Data quality is a thorny issue in most Big Data projects. It’s been reported that more than half of the time spent in Big Data projects goes towards data cleansing and preparation. In this post, I will cover data validation features that have been added recently to my OSS project chombo, which runs on Hadoop and Storm. Set of easily configurable common validation functions are provided out of the box. I will use product data as a test case to show how it works.
A close examination of the data validation functions typically used reveal that they can be broadly be classified under two groups
- A broad set of commonly used functions.
- A highly nuanced customs set of functions, very closely tied with specific business rules in the domain of the application
In chombo, the first group is handled with a set of built in validators available out of the box. The user simply configures a set of validators for each field in the data. Each validator is identified with a specific tag. The second group of validation functions is handled, by allowing the user to write custom java classes which derive from the base Validator class.
Common Out Of The Box Validators
Here is a list of validators available out of the box. More will be added in future as needed. They are listed under different categories. The following validators are generic in nature and do not depend on the field data type.
|notMissing||Ensures field is not missing|
|ensureInt||Ensures field value is integer|
|ensureLong||Ensures field value is long|
|ensureDouble||Ensures field value is double|
|ensureDate||Ensures field value is a date|
The following validators are available for string fields. The pattern validator can be used for phone number, email, date or any other data with pattern.

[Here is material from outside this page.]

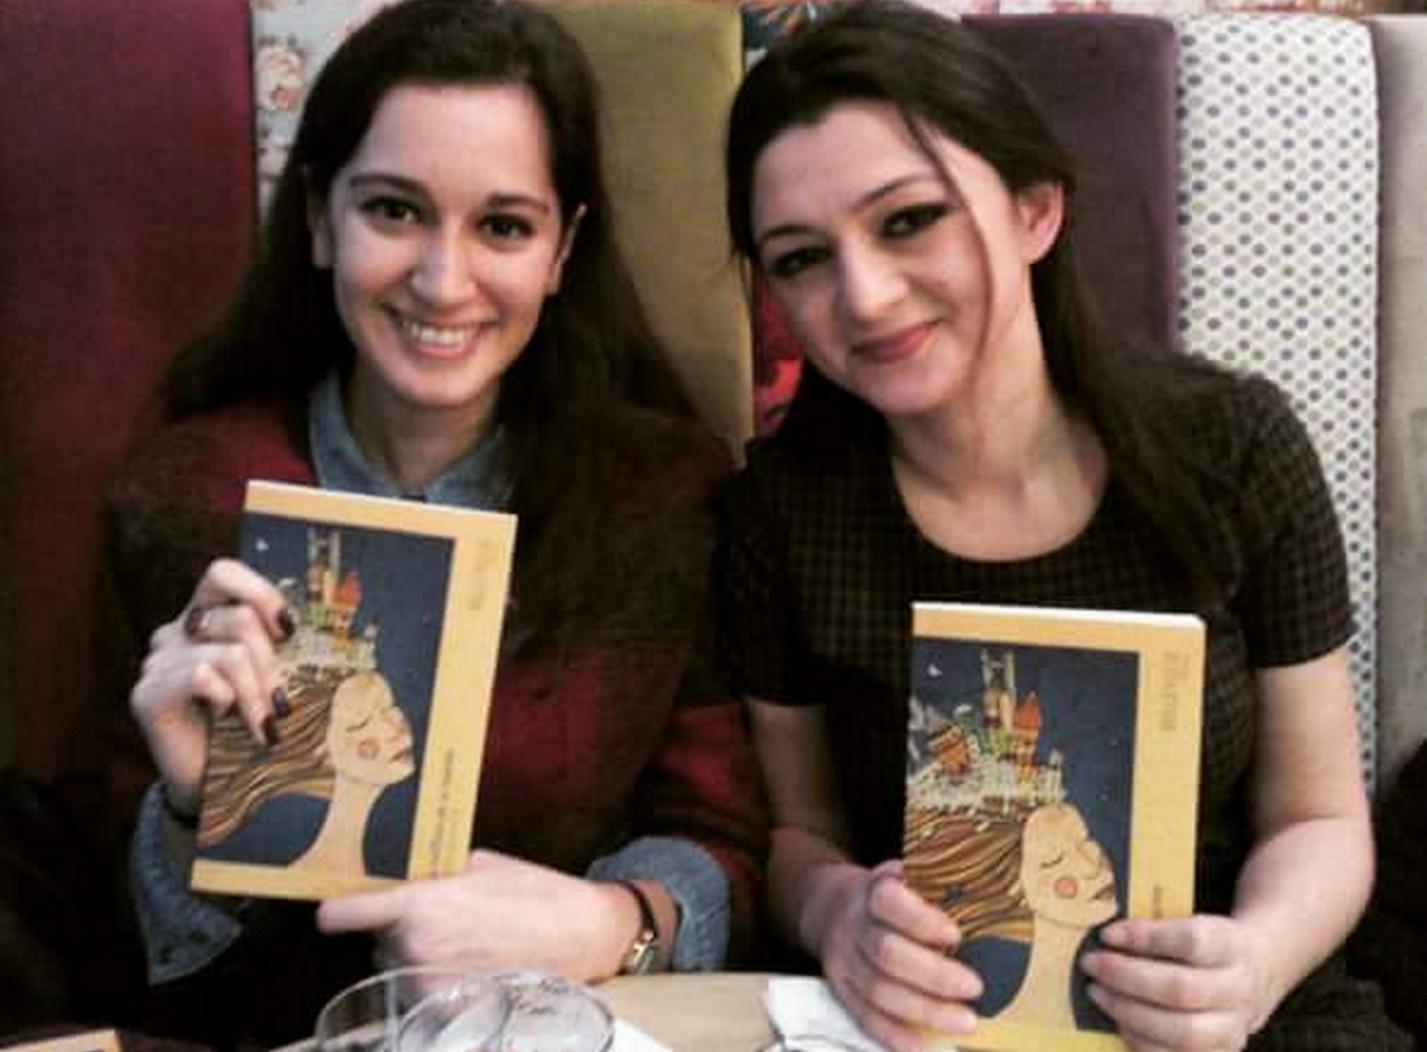 Seray, l'auteure (à droite) et Duru, l'illustratrice de la couverture. ©DR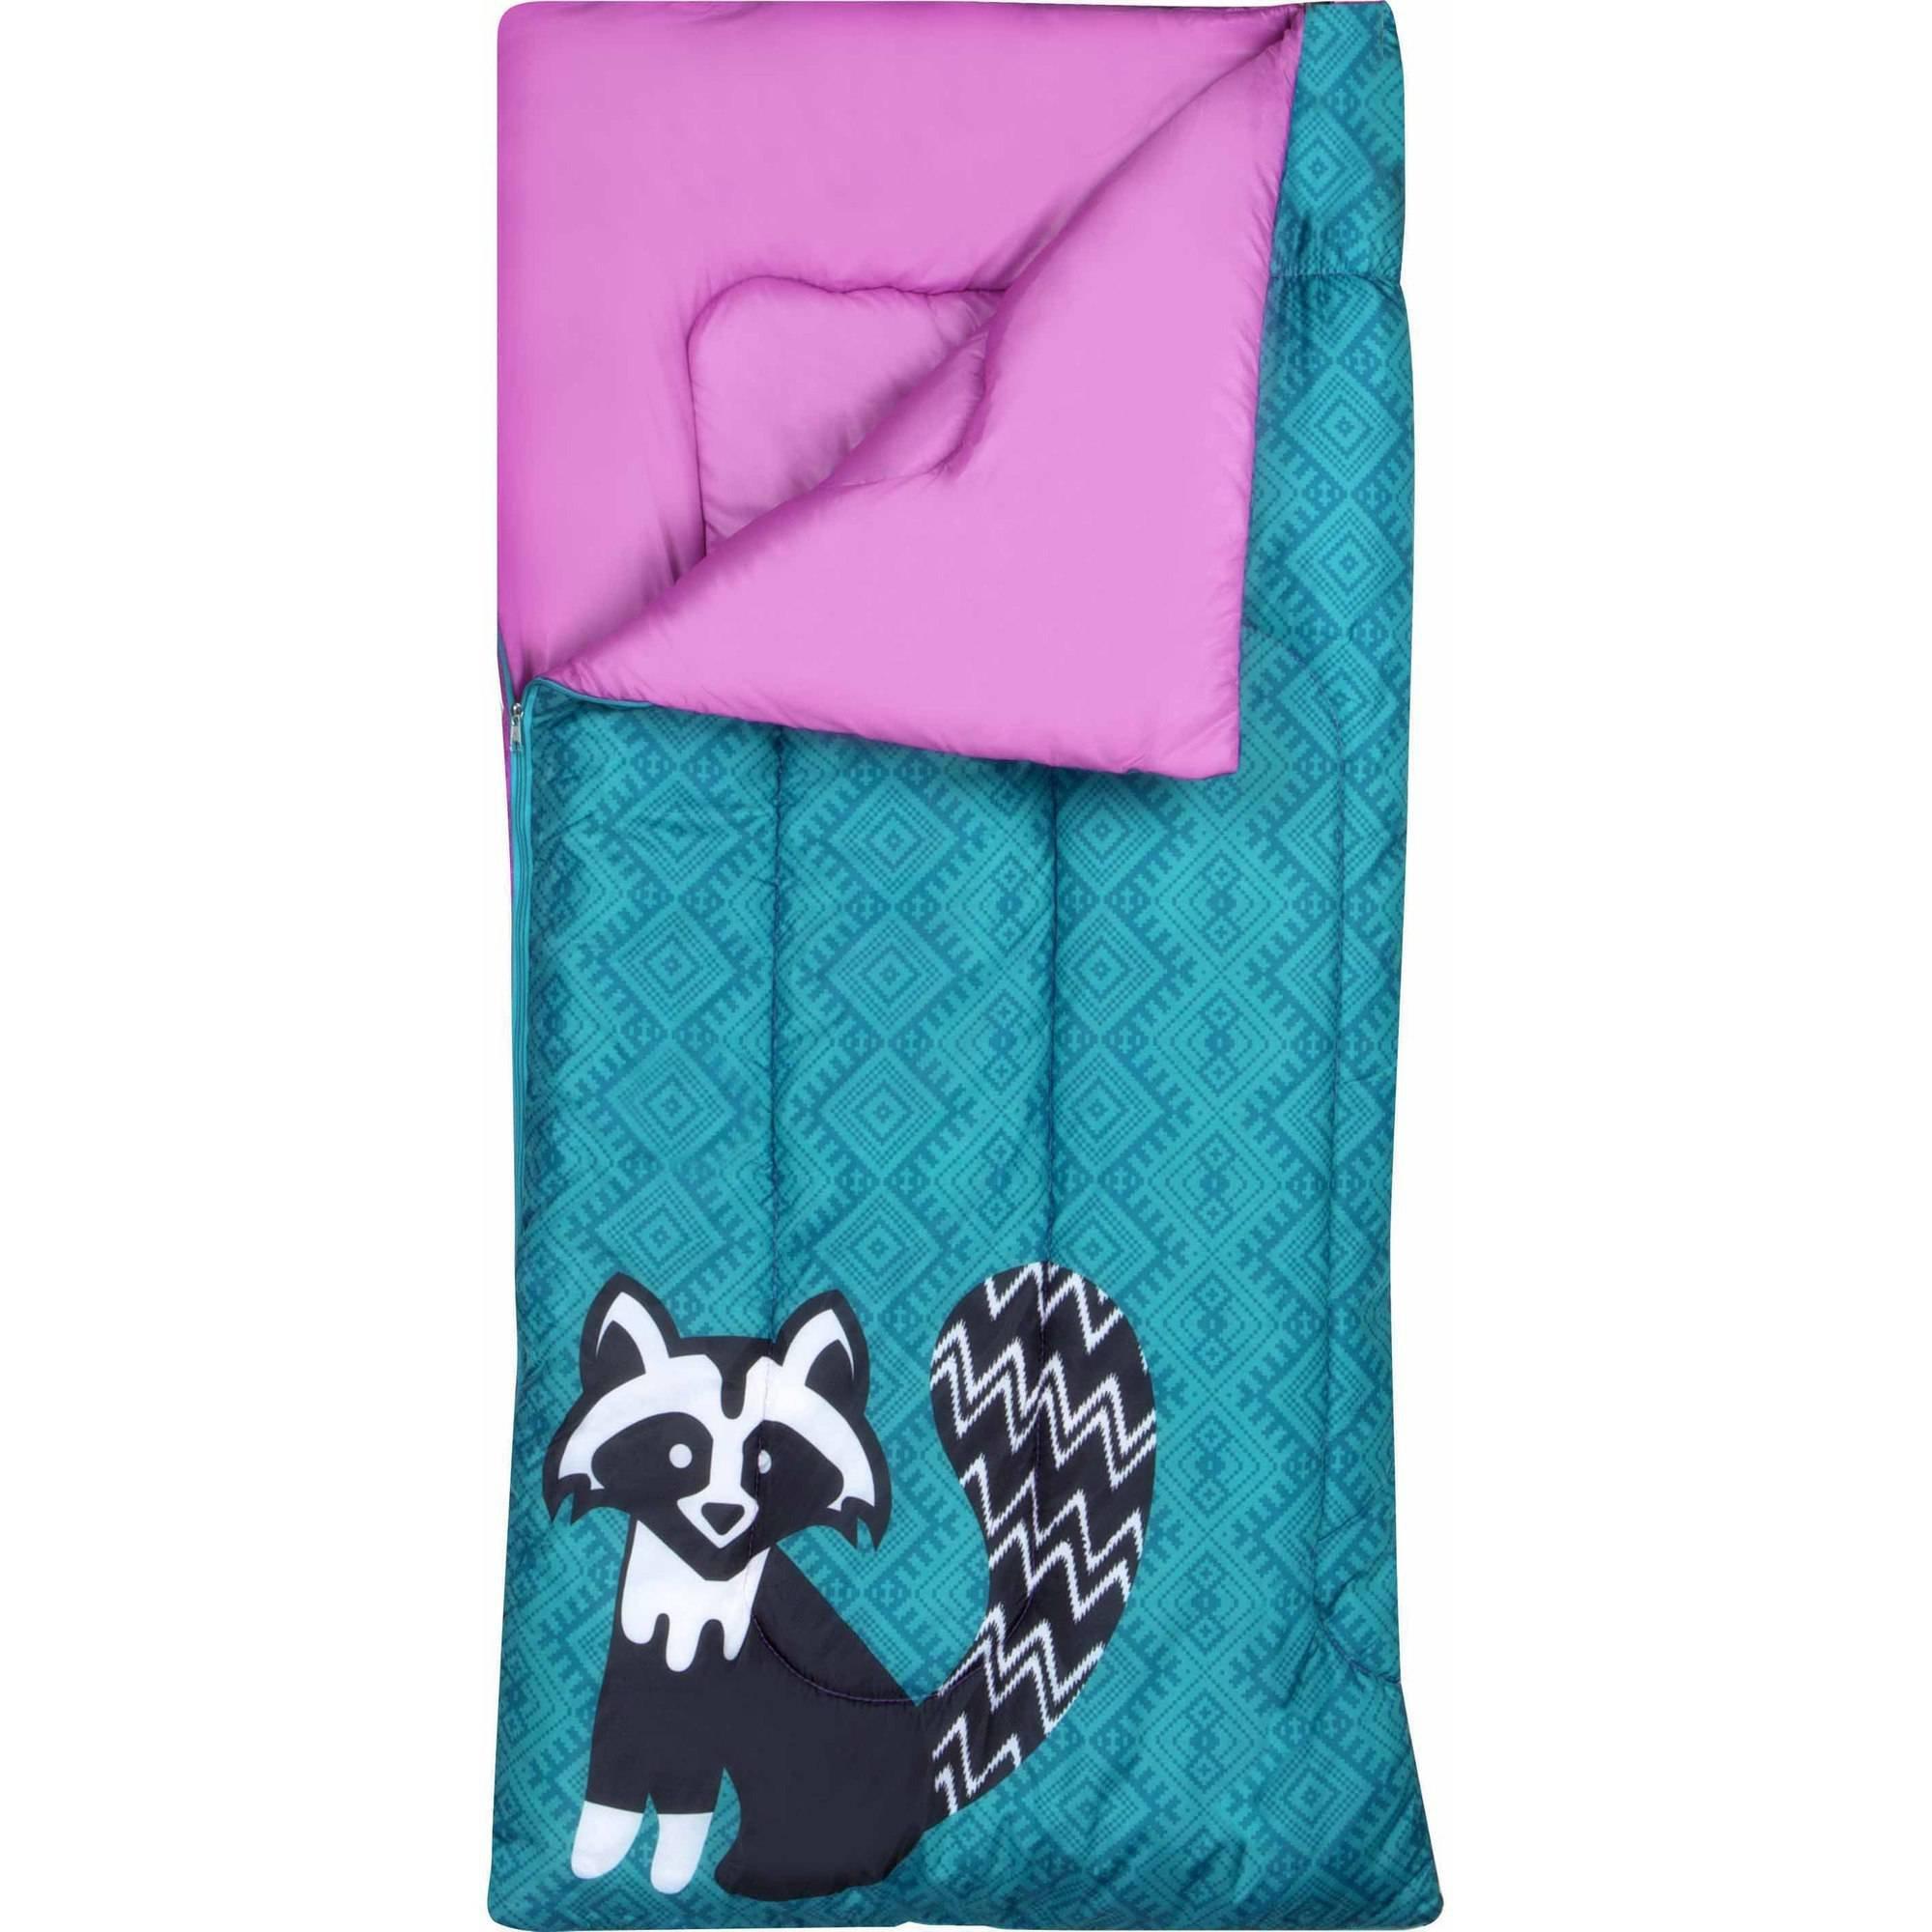 Ozark-Trail Kids Sleeping Bag Camping Indoor Outoor Traveling (Raccoon/Bear) (Purple,Teal) by Ozark-Trail (Image #1)

|minLength||Ensures field length is greater than or equal to specified length|
|maxLength||Ensures field length is less than or equal to specified length|
|exactLength||Ensures field length is equal to specified length|
|min||Ensures that field is lexicographic-ally greater than or equal specified string|
|max||Ensures that field is lexicographic-ally less than or equal to specified string|
|pattern||Ensures that field matches given pattern|
The following validators are for numeric fields. For zscoreBasedRange validation, there is another map reduce class that can be used to calculate mean and standard deviation of all numeric fields. The file path for the stats is provided through the parameter stat.file.path
For validation using more robust statistics based on median and median average divergence, the validator robustZscoreBasedRange can be used.
|min||Ensures field is greater than or equal to specified value|
|max||Ensures field is less than or equal to specified value|
|zscoreBasedRange||Validates range based on mean and std deviation|
|robustZscoreBasedRange||Validates range based on median and median average deviation|
The following variables are for categorical fields. The only validator currently available is for membership check.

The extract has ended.